__What you should do__. What you return should be the lines from the one with "The interior of" through the one with "Print K Letter Stencil" in the data below, reproduced exactly with both ends, and no pictures at all.

Data shown START

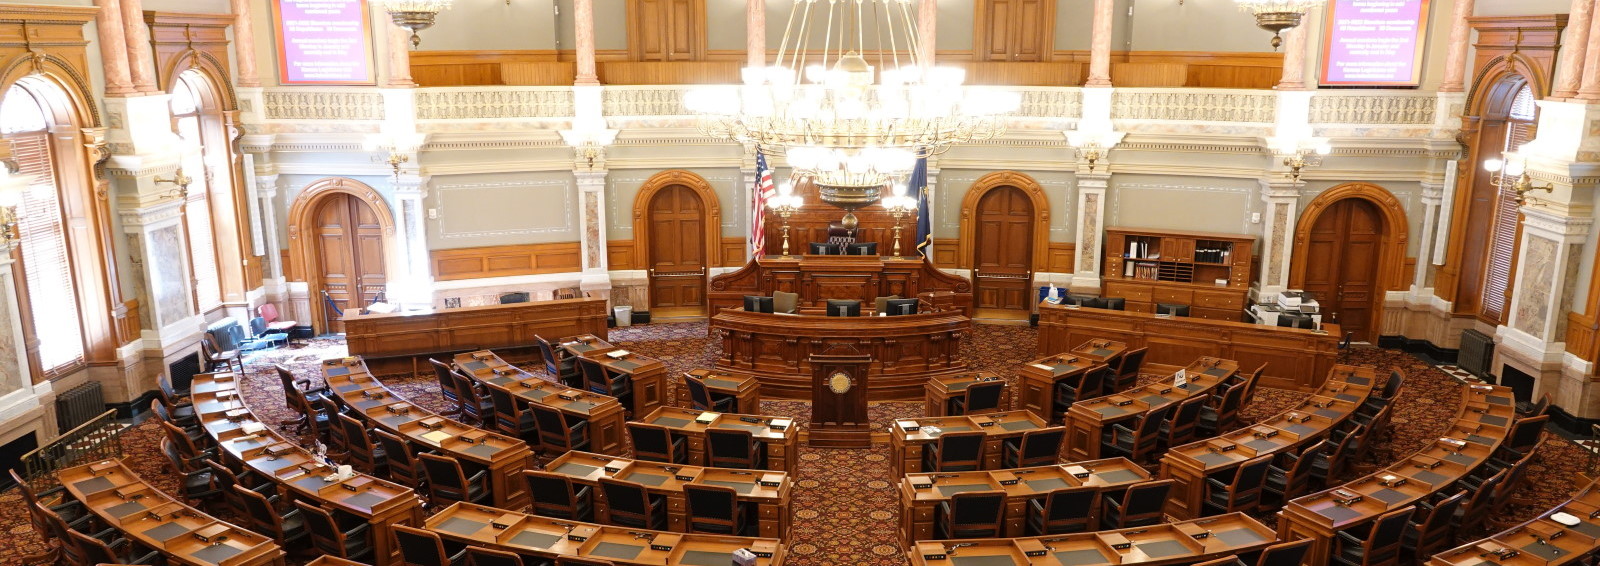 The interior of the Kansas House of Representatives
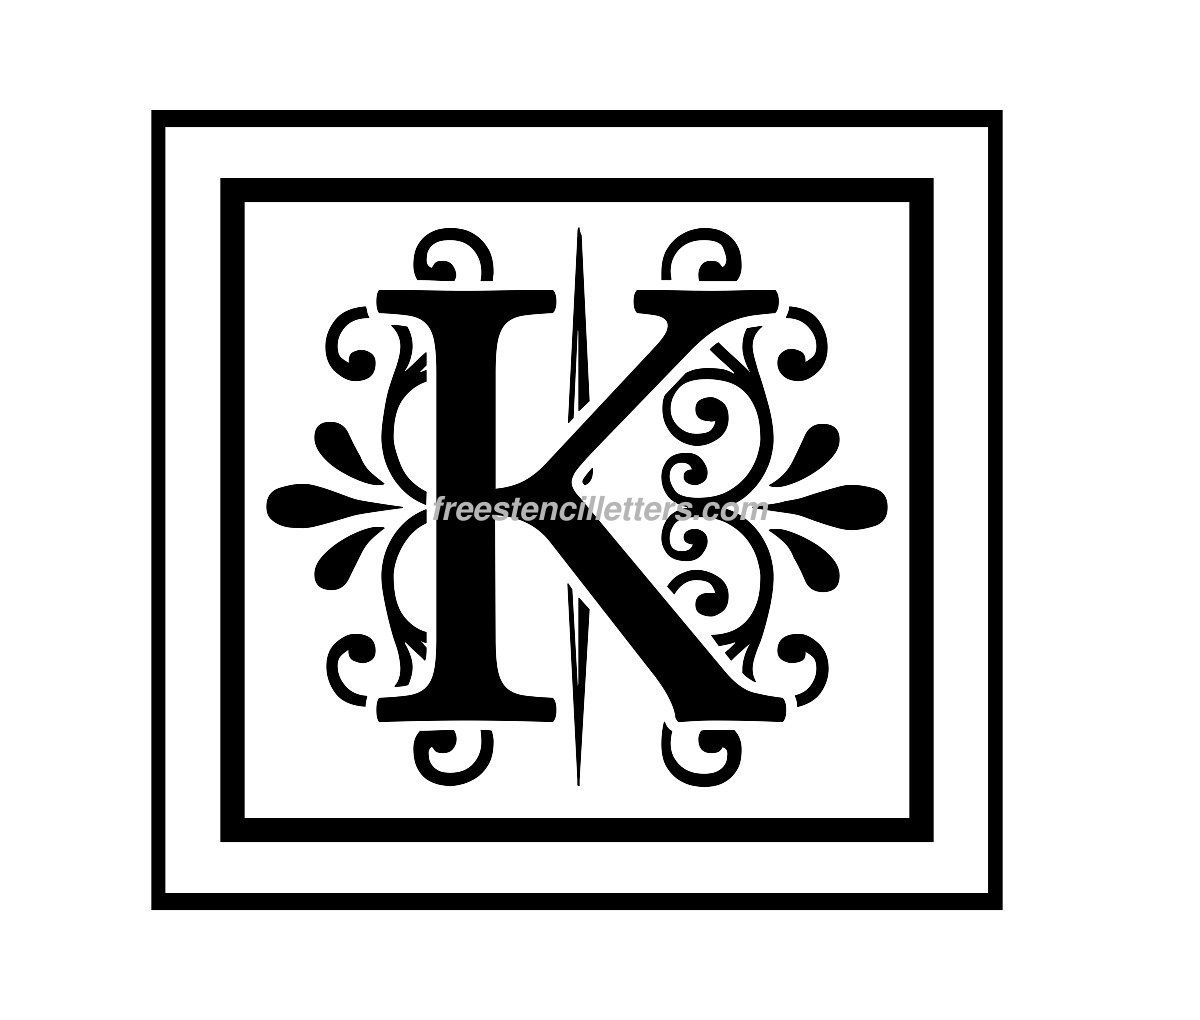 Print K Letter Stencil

Data shown END
Data shown START

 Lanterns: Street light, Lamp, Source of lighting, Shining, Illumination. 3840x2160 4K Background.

Data shown END

__Output below__.
 The interior of the Kansas House of Representatives
 Print K Letter Stencil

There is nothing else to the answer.